Saturday, August 09, 2008

Ninth Circuit Grants Suppression Motion in Immigration Court after Illegal Home Raid

On August 8, 2008, the Ninth Circuit granted a suppression motion filed in immigration court, overturning the immigration judge and BIA's denials! The case is Lopez-Rodriguez v. Mukasey (9th Cir. Aug. 8, 2008).

Filing suppression motions in immigration court is a growing strategy for immigrants to respond to illegal raids by immigration agents and local police. In criminal court, evidence from illegal raids cannot be used (with small exceptions) to try to obtain a criminal conviction. In immigration court, the law is less clear -- many courts follow a rule from the 1980s that evidence will be suppressed for egregious Fourth Amendment violations and other types of violations.

On the one hand, it is appropriate to revisit the 1980s decision and see whether suppression must be applied for an even wider variety of violations, not just egregious Fourth Amendment violations or regulatory violations. Still, even using the narrow rule from the 1980s decision of Lopez-Mendoza v. INS (1984), it is possible to win cases in immigration court with suppression motions.

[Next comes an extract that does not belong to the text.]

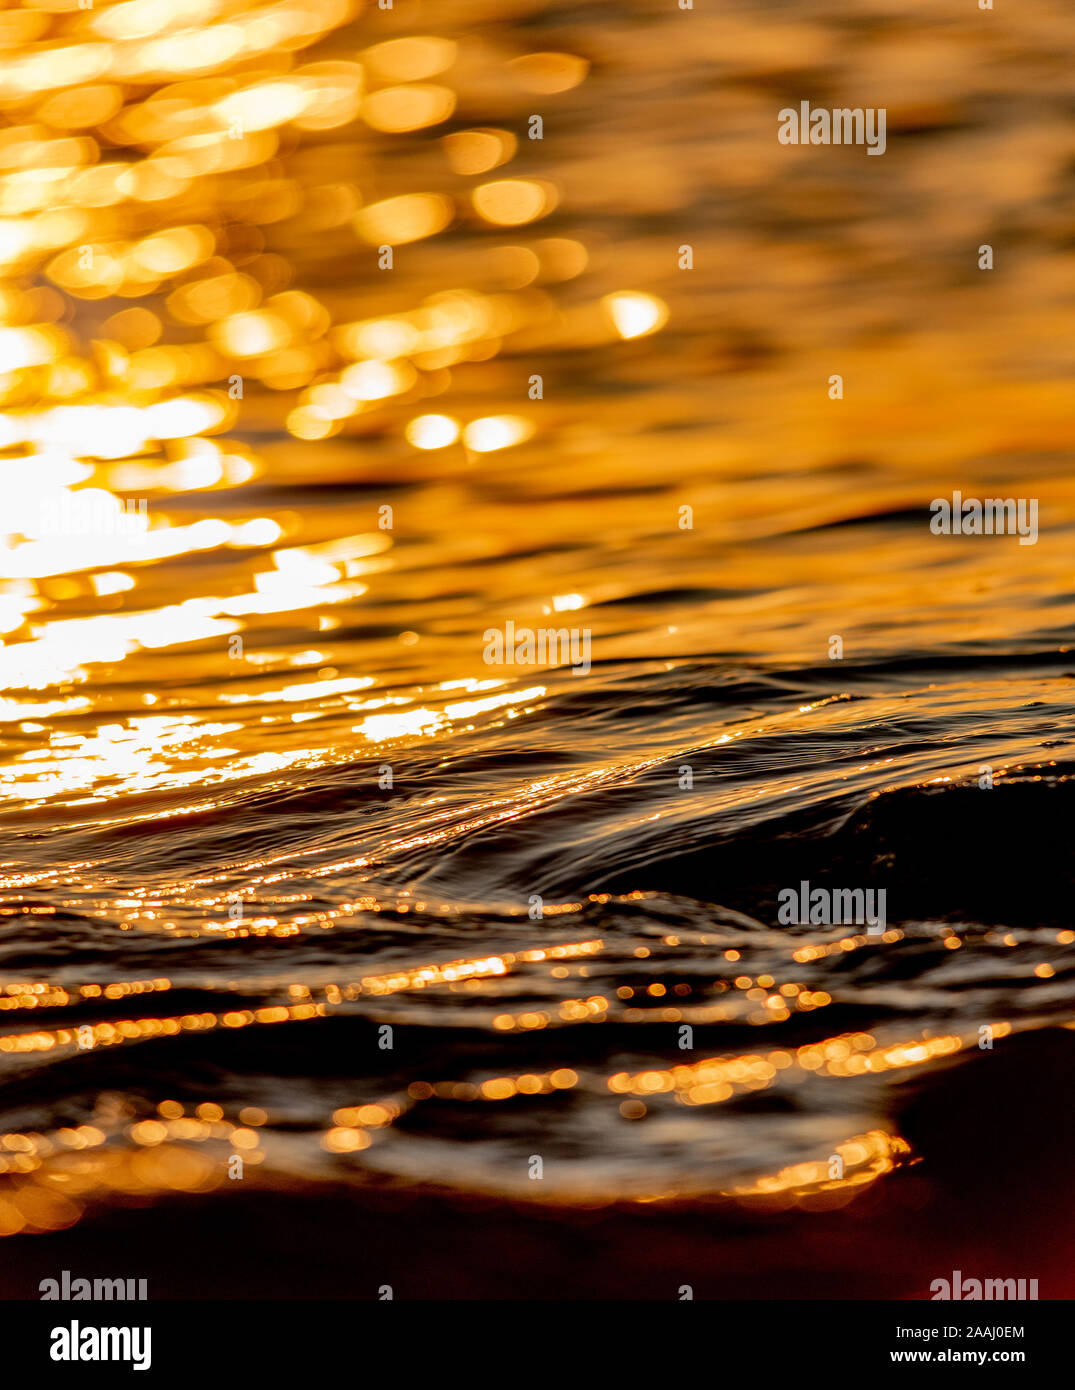 Close-up des vagues de la mer et le mouvement de l'eau sur la surface de la mer dans la lumière dorée. Reflets de lumière sur l'eau. Banque D'Images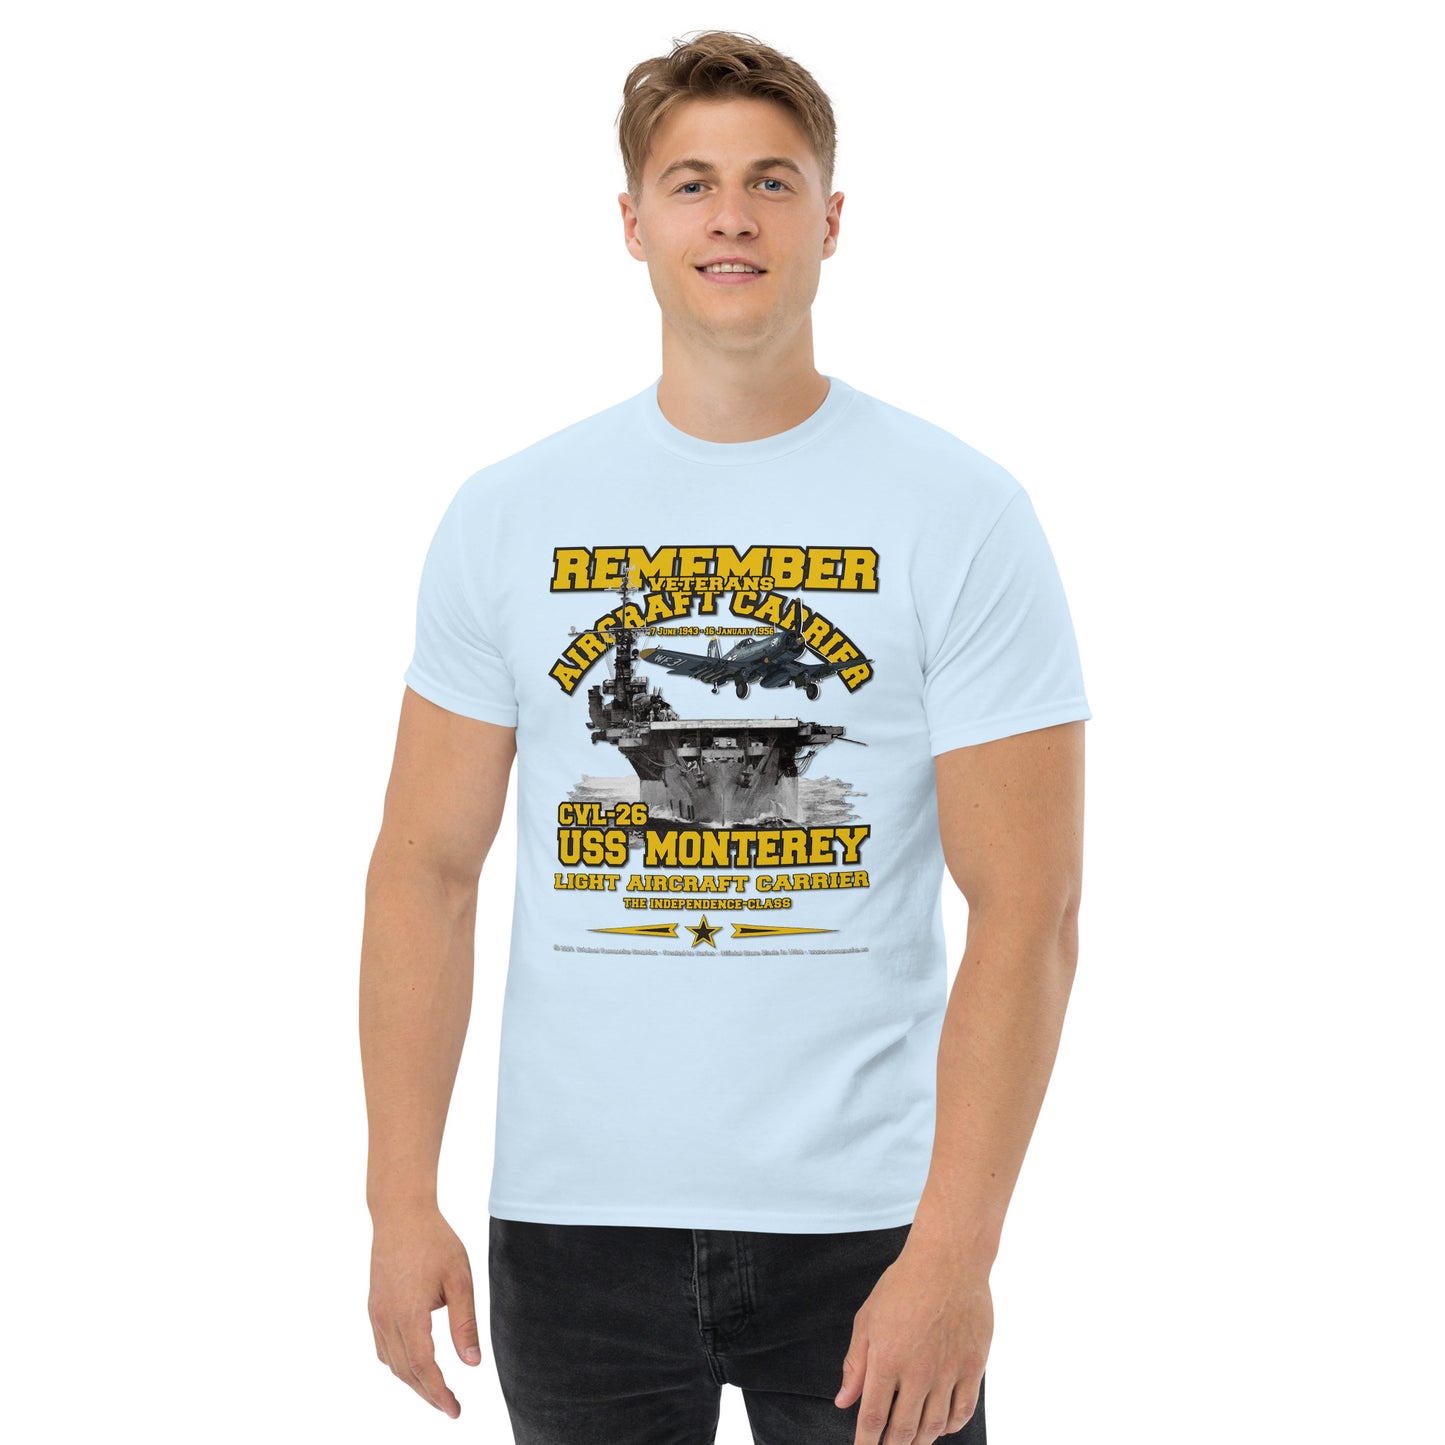 USS MONTEREY CVL-26 Aircraft Carrier Veterans T-Shirt, Comancha Veterans T-shirt,

In the Lopez-Rodriguez case, immigration agents illegally entered someone's house by pushing through an open door when an occupant opened the home door a bit to talk to the officers. There are a series of key points in the decision:
  • Committing a search that a reasonable officer should have known was clearly illegal is an egregious violation of the Fourth Amendment that requires suppressing the evidence in immigration court.
  • Invading someone's home without a warrant or a valid reason is a clearly illegal search.
  • Opening the door to your home a few inches is not consent to let officers push the door open the rest of the way and invade your home.
Congratulations to Sara J. O'Connell at Morrison & Foerster LLP in San Diego, California! Lawyers on the losing side from the Department of Justice (their Civil Division, Office of Immigration Litigation), trying to defend the illegal searches, were Aviva L. Poczter and Song Park.

As reports of widespread illegal immigration searches continue to come up in the news, these suppression motions will be fought more often. And lawyers should be raising not only suppression for egregious Fourth Amendment violations and regulatory violations, but also for all Fourth Amendment violations, Vienna Convention violations, and state constitutional rights.